Search code examples
sqlsql-serverrecursionaggregate-functionscommon-table-expression

Aggregate functions in a recursive CTE to calculate fractions of sub-groups


I have a self-referential table which I am designing to describe mixtures of ingredients

id raw_input parent_input amount
a x 4
a y 6
b j 1
b k 3
c a 6
c b 1
d c 1
d a 1

I'd like to write a recursive CTE query which calculates the fraction of each base_input in each individual mix. For example, I'd like the output:

id raw_input amount
a x 0.4
a y 0.6
b j 0.25
b k 0.75
c x 0.34285714
c y 0.51428571
c j 0.03571429
c k 0.10714286
  • I haven't added mixture d here as it's quite tricky to calculate at this stage

where the values are calculated as such:

id raw_input amount
a x 4/(4+6)
a y 6/(4+6)
b j 1/4
b k 3/4
c x 0.4*(6/(6+1))
c y 0.6*(6/(6+1))
c j 0.25*(1/(6+1))
c k 0.75*(1/(6+1))

My method for attempting this was to join a aggregate total onto the tables in the CTE, then divide the masses by this as such:

WITH cte AS (
    SELECT id, base_input, mass_fraction FROM
        (SELECT E.id, E.base_input, E.amount/f.total_mass AS mass_fraction
        FROM mix_table E
        JOIN (SELECT id, SUM(amount) as total_mass
             FROM mix_table
             GROUP BY id
             ) AS root_totals
        ON root_totals.id = E.id
        WHERE E.base_input IS NOT NULL) AS r
        UNION ALL
        
        SELECT b.id, base_input, mass_fraction/totals.total_mass FROM 
        (SELECT F.id, cte.base_input, cte.amount/branch_totals.total_mass AS mass_fraction
         FROM mix_table F 
         JOIN cte on F.parent_input = cte.id) as b
         JOIN (SELECT id, SUM(amount) as total_mass
              FROM mix_table
              GROUP BY id 
         ) AS branch_totals
         ON branch_totals.id = totals.id
    )

select * from cte

Running it without the totals joined onto the CTE gets most of the way there, just the individual components of the mixture group C are not scaled by their respective fractions.

It seems like a CTE with an aggregate function is exactly what I want to do, just the error raised by SQL server prevents me doing it.

There must be a way around this, I'm sure I'm not the first person to want to do this.

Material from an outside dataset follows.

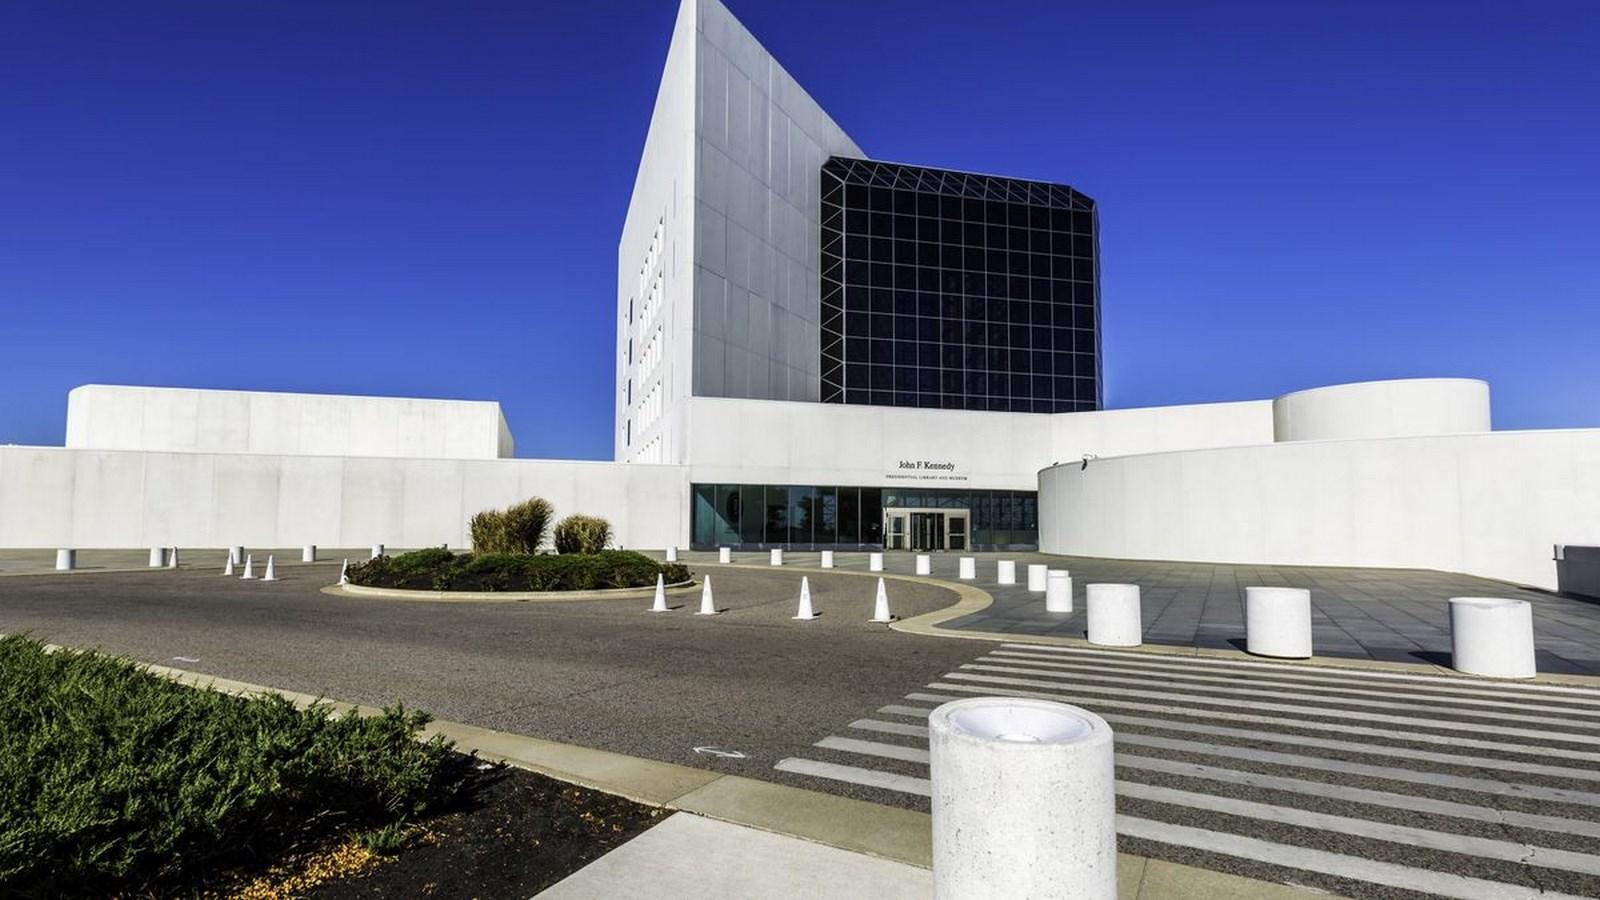 A306 - Boston Architecture - JFK PUBLIC LIBRARY_Image1
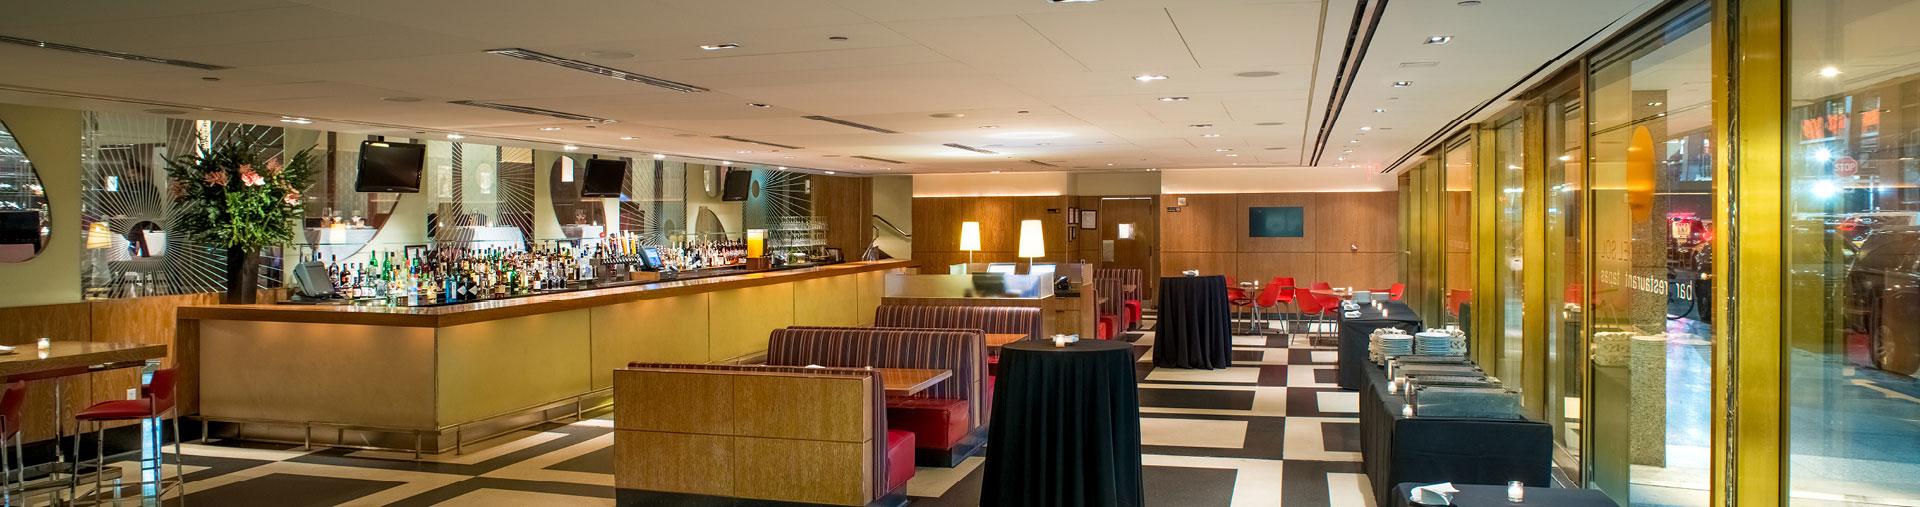 La Fonda del Sol dining area and bar

Edit: I'd like to clarify that I'm aiming to do this for more than one level, where I can expand the solution to account for an indeterminate level of nested parent/children


Solution

  • I managed to solve my own quandry, and for future viewers I think this only works because it doesn't require the aggregation to be run more than once, I can do the aggregation calculation before the CTE, then use it within the CTE:

    -- I first define the total aggregation here
    
    WITH totals AS (SELECT id, SUM(amount) as total_mass
                  FROM test_mix
                  GROUP BY id),
    cte AS (
        SELECT id, raw_input, amount FROM
            (SELECT E.id, E.raw_input, E.amount/totals.total_mass AS amount
            FROM test_mix E
            JOIN totals
            ON totals.id = E.id
            WHERE E.raw_input IS NOT NULL) AS r
            UNION ALL
            
            SELECT b.id, raw_input, child_q*(parent_q/totals.total_mass) FROM 
            (SELECT F.id, cte.raw_input, cte.amount AS parent_q, F.amount AS child_q
             FROM test_mix F 
             JOIN cte on F.parent_input = cte.id) as b
             JOIN totals                                   -- then use it here
             ON totals.id = b.id
        )
    
    SELECT id,raw_input, SUM(amount)
    FROM cte
    GROUP BY id,raw_input